Она все понимала. Все абсолютно. Эту ее кротость никак нельзя было списать на блаженное неведение. Он знала – и терпела. И тогда созрела следующая мысль – о том, что она терпит мне назло, чтобы дать мне почувствовать ее превосходство над такой неблагодарной скотиной, как я.

Я говорил ранее, что не припомню ее за какими-то хозяйственными делами. Это не совсем так. По крайней мере одно такое воспоминание отыщется в памяти.

В один день – дело было весной, снег уже стаял – она затеяла вымыть окна. Пятый этаж старинного доходного дома был высок, она не боялась высоты. Стоя прямо на подоконнике, под которым кипела жизнь центральной улицы городка, она натирала стекла.
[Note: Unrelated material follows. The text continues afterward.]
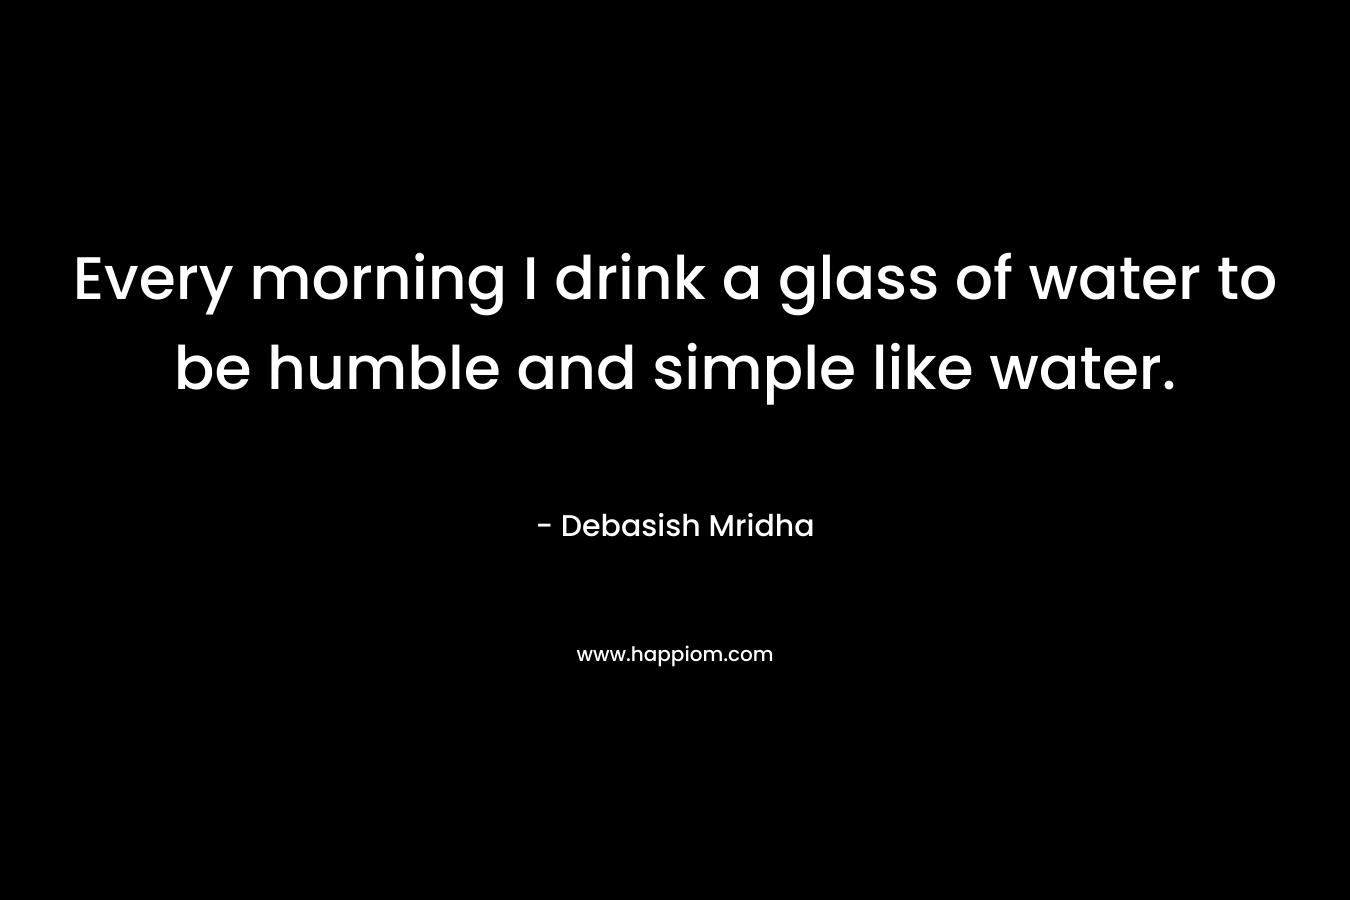 Every morning I drink a glass of water to be humble and simple like water.

Груда тряпок, сухих и мокрых, лежала под ее ногами. Я метался по квартире, чувствуя, что в любом из углов меня настигает ее присутствие. Она отстраненно терла стекла, не обращая на меня внимания, и все же мешала мне больше, чем когда-либо.

Устав бороться с этим присутствием, я оделся, намереваясь сходить к одному из немногих оставшихся у меня приятелей. Прихожая располагалась как раз напротив гостиной, где она мыла окна. Двери был распахнуты. Заметив мои сборы, она прекратила возиться с тряпкой и стала в открытом окне спиной к улице. Против света мне был виден лишь ее силуэт.

Она спросила:

– Ты уходишь?

В ее тоне не было подозрительности, не слышалось обвинений. Но я сорвался. Я крикнул, что – да, ухожу, и не ее дело, куда и к кому, и что я пока еще сам себе хозяин – и пр. Моя совесть была чиста – я шел не к другой женщине, я шел по своим мужским делам, а она своим якобы невинным вопросом выразила недоверие, посмела заподозрить меня в чем-то преступном… Так я себя распалял довольно долго.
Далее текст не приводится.